No formal schooling required to become a crime scene cleaner, but a Biorecovery Technician certification from the American Bio-Recovery Association is required. This certificate is achieved after attending biorecovery training courses and passing an exam.
Training courses to gain Biorecovery Technician certification mainly covers bloodborne pathogen training approved by the U.S. Occupational Safety and Health Administration. Techniques for cleaning bodily fluids and removing unpleasant, lingering odors are taught. Students learn how to operate the equipment needed for crime scene cleanup, as well as ways to protect themselves from exposure to fluids. They are also taught how to work with law enforcement, from proper notification procedures to the correct way to proceed if the cleanup leads to the discovery of new evidence.

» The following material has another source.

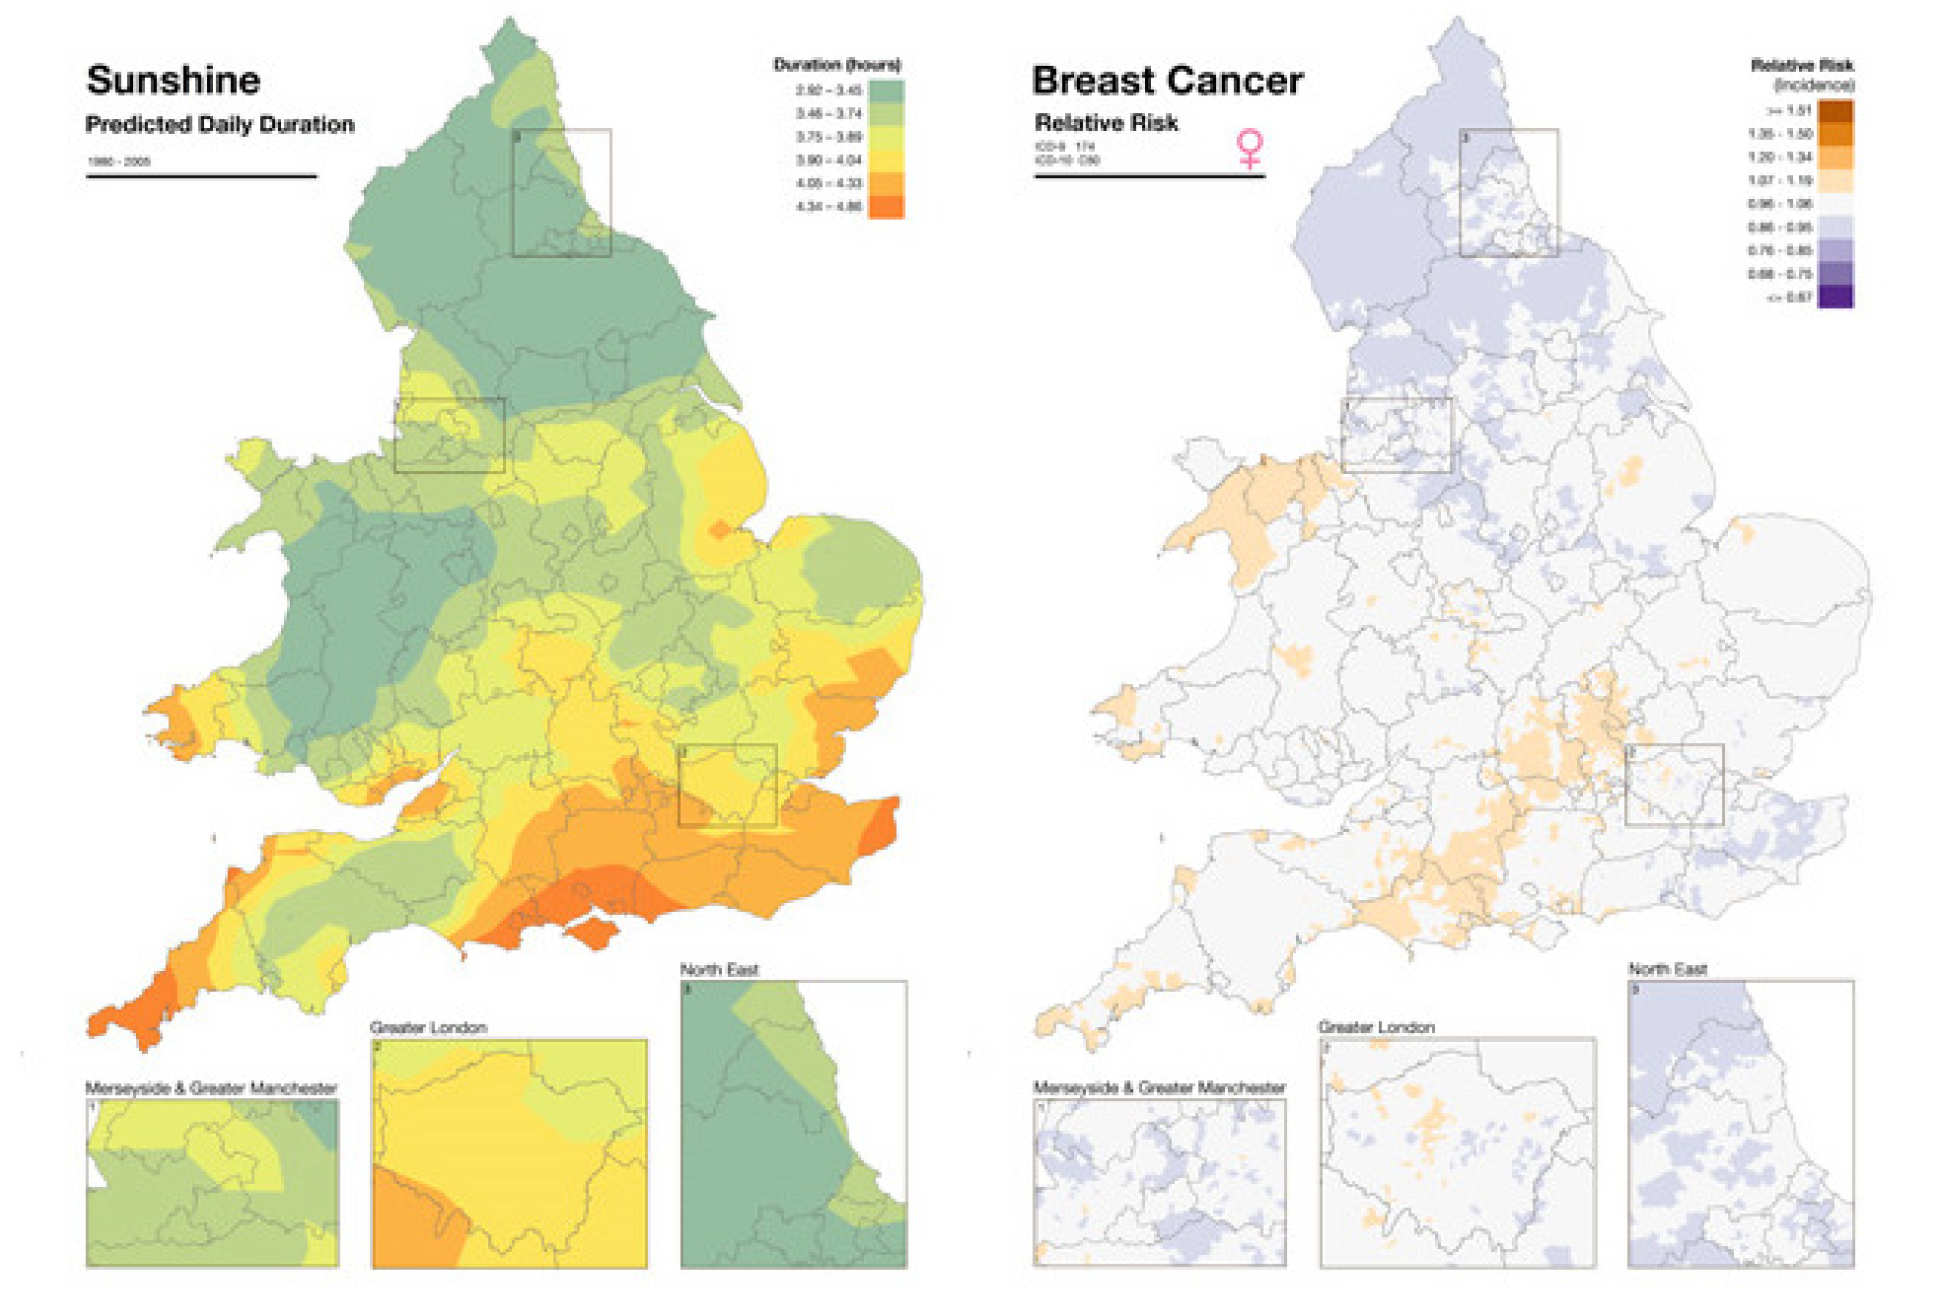 Atlast maps of sunshine duration and relative risk of breast cancer for the England and wales

Additional certification is offered to those who seek it, but is not required. One of the more marketable areas is drug lab decontamination. Over two days of instruction, courses train students to prepare decontamination plans. Those seeking drug lab decontamination certification must familiarize themselves with federal and state requirements for hazardous material handling by completing OSHA's hazardous waste operations and emergency response standard courses.
Anyone interested in becoming a crime scene cleaner should look for employers that abide by OSHA standards and offer hepatitis B vaccinations and medical evaluation if exposure to fluids occurs. Since the job is riddled with stress and unpleasant imagery, those in the field should find some kind of support group or activity to help them cope with the job's demands.